**PROBLEM TO WORK ON:** Data follows below. Repeat exactly the lines between the line holding "ArtisanHD Table at" and the line holding "LCSC_2016-08_Athletics_WarriorZone_CHEST-SEPS.png", inclusive, and nothing more; drop pictures.

**INPUT RECORDS:**
________________

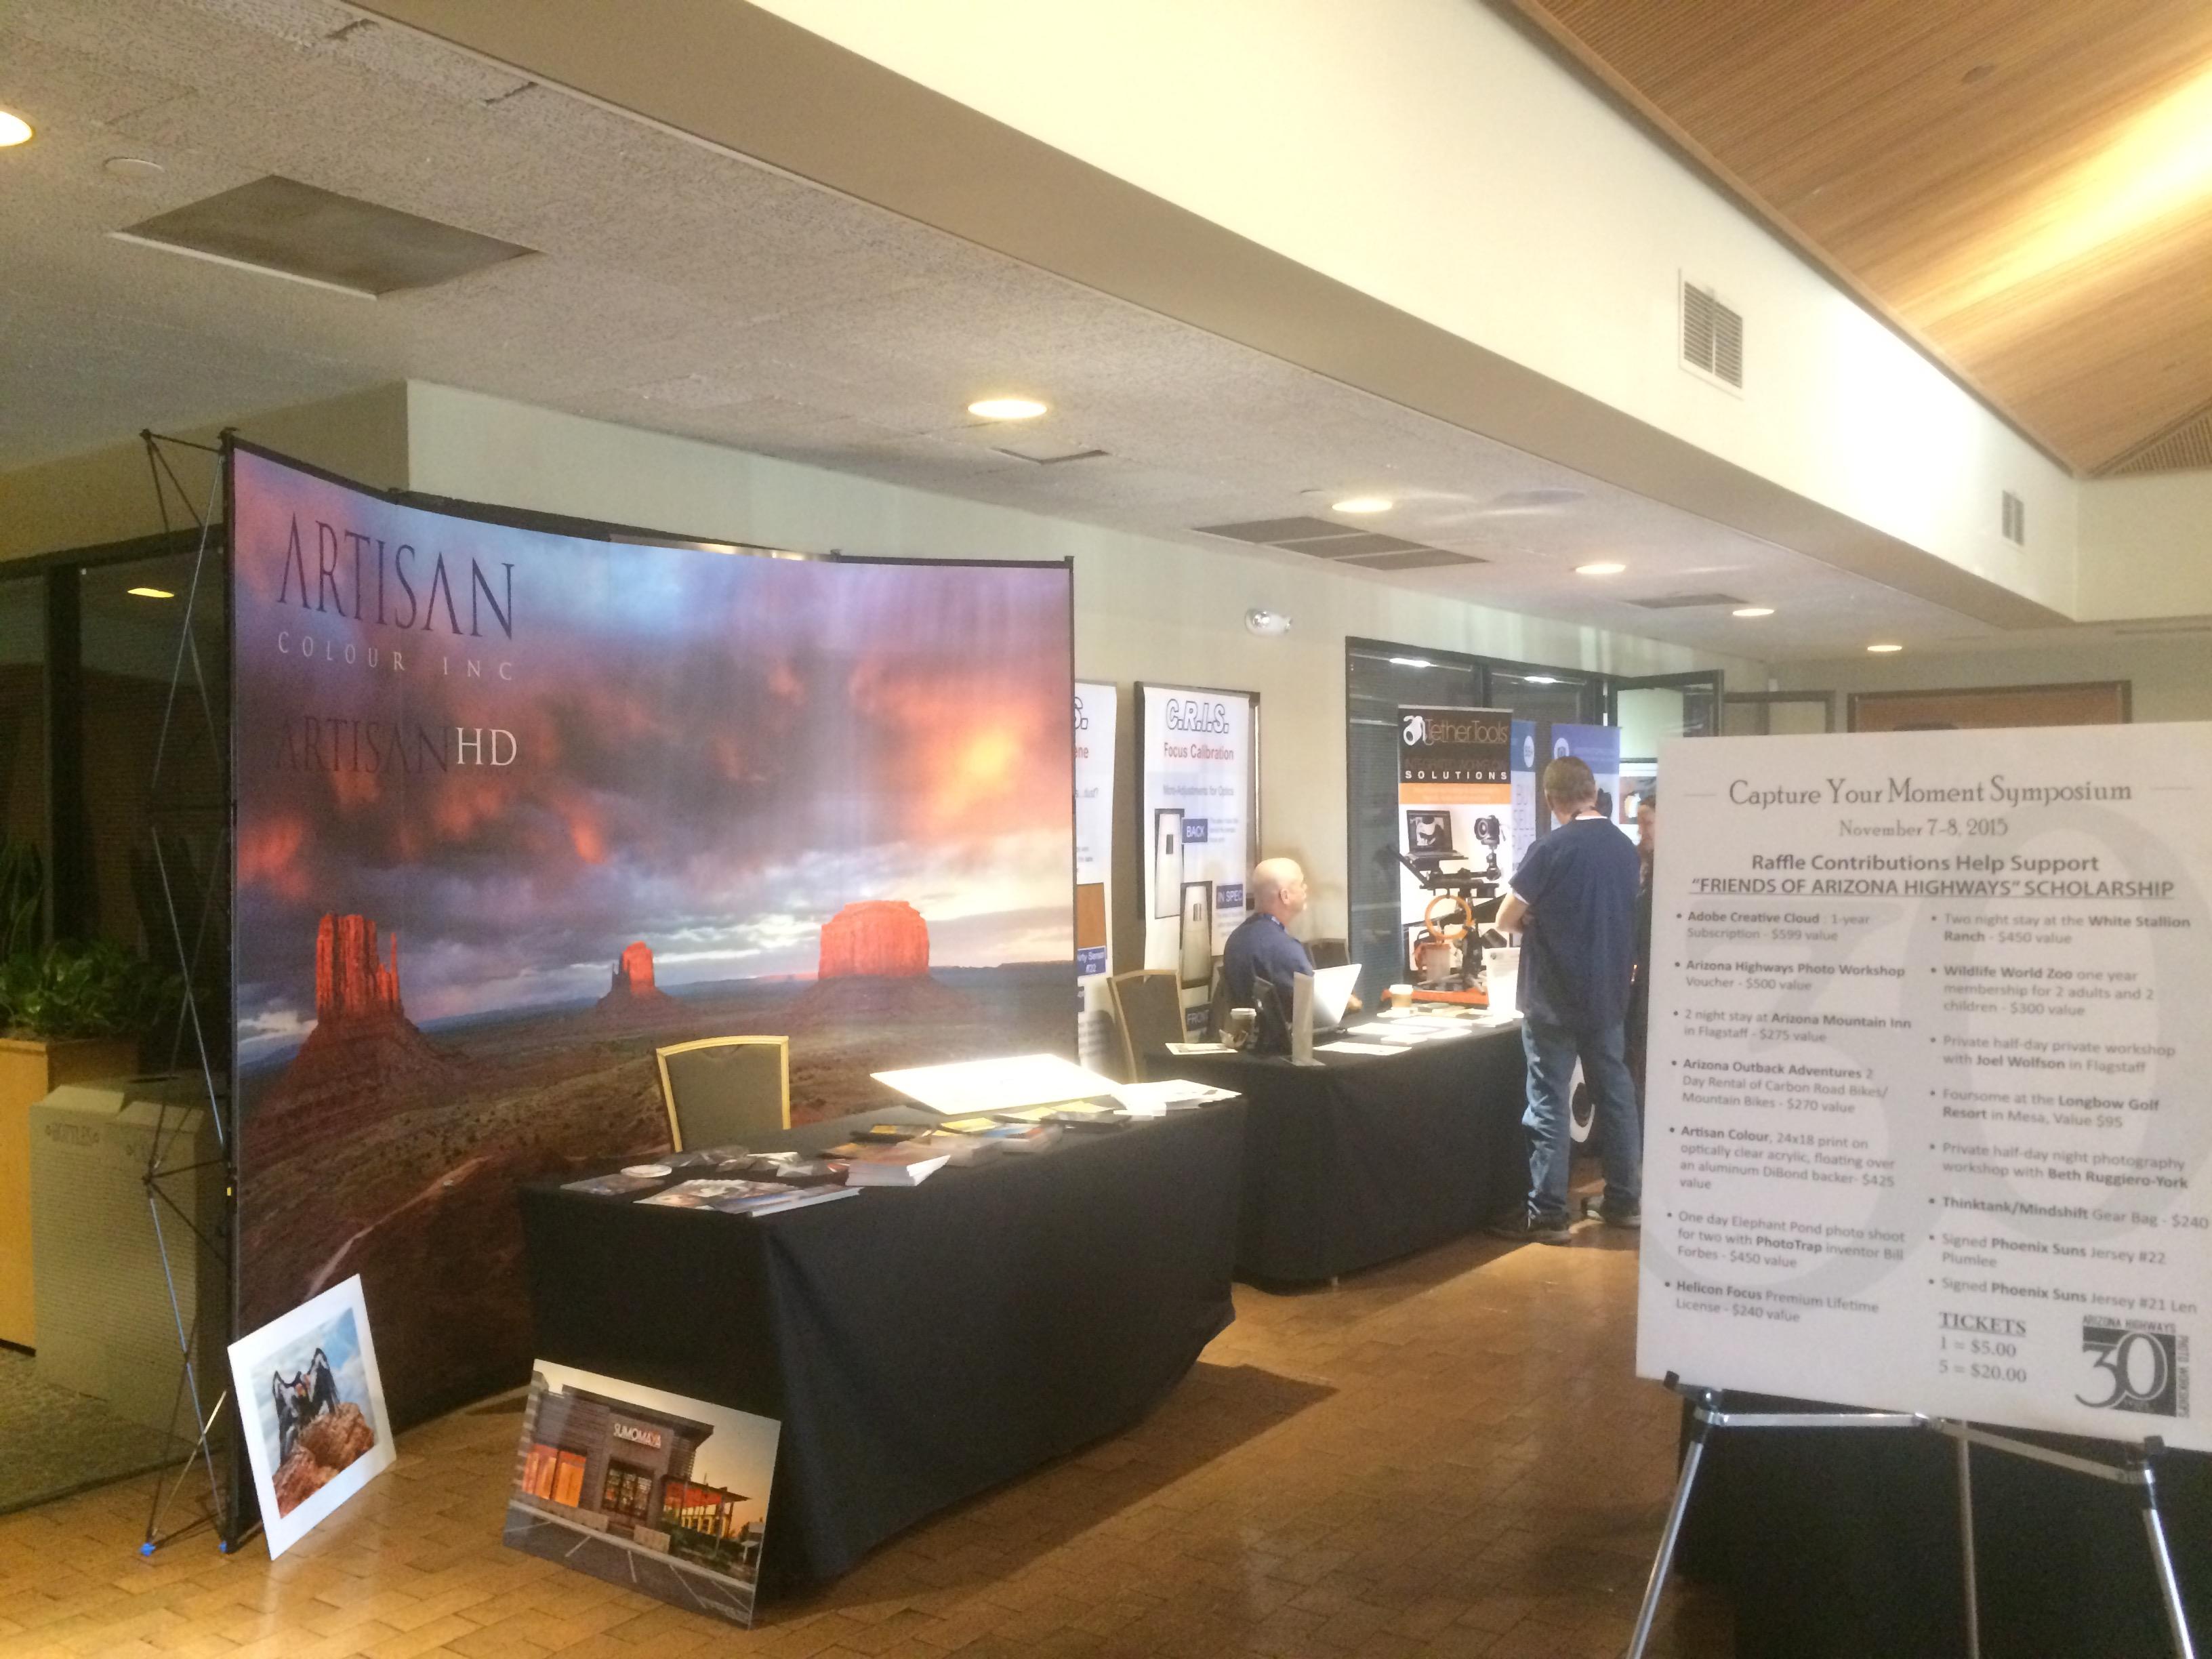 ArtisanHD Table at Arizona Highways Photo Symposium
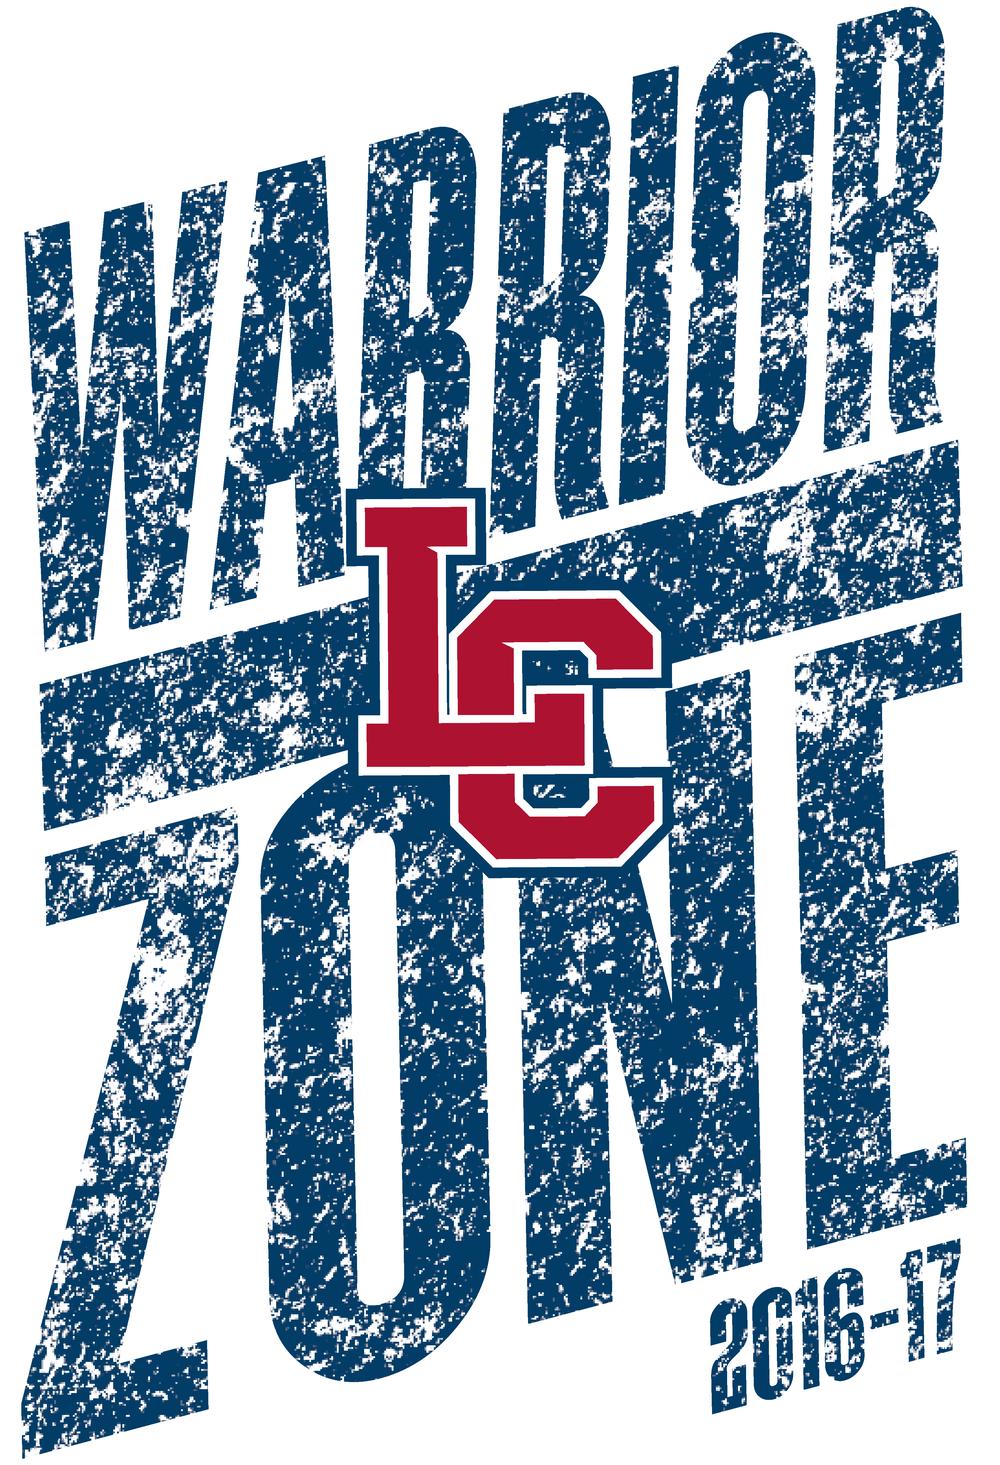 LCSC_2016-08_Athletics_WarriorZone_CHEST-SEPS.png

________________

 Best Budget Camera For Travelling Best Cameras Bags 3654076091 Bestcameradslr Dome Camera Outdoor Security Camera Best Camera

________________

**WRITTEN REPLY:**
 ArtisanHD Table at Arizona Highways Photo Symposium
 LCSC_2016-08_Athletics_WarriorZone_CHEST-SEPS.png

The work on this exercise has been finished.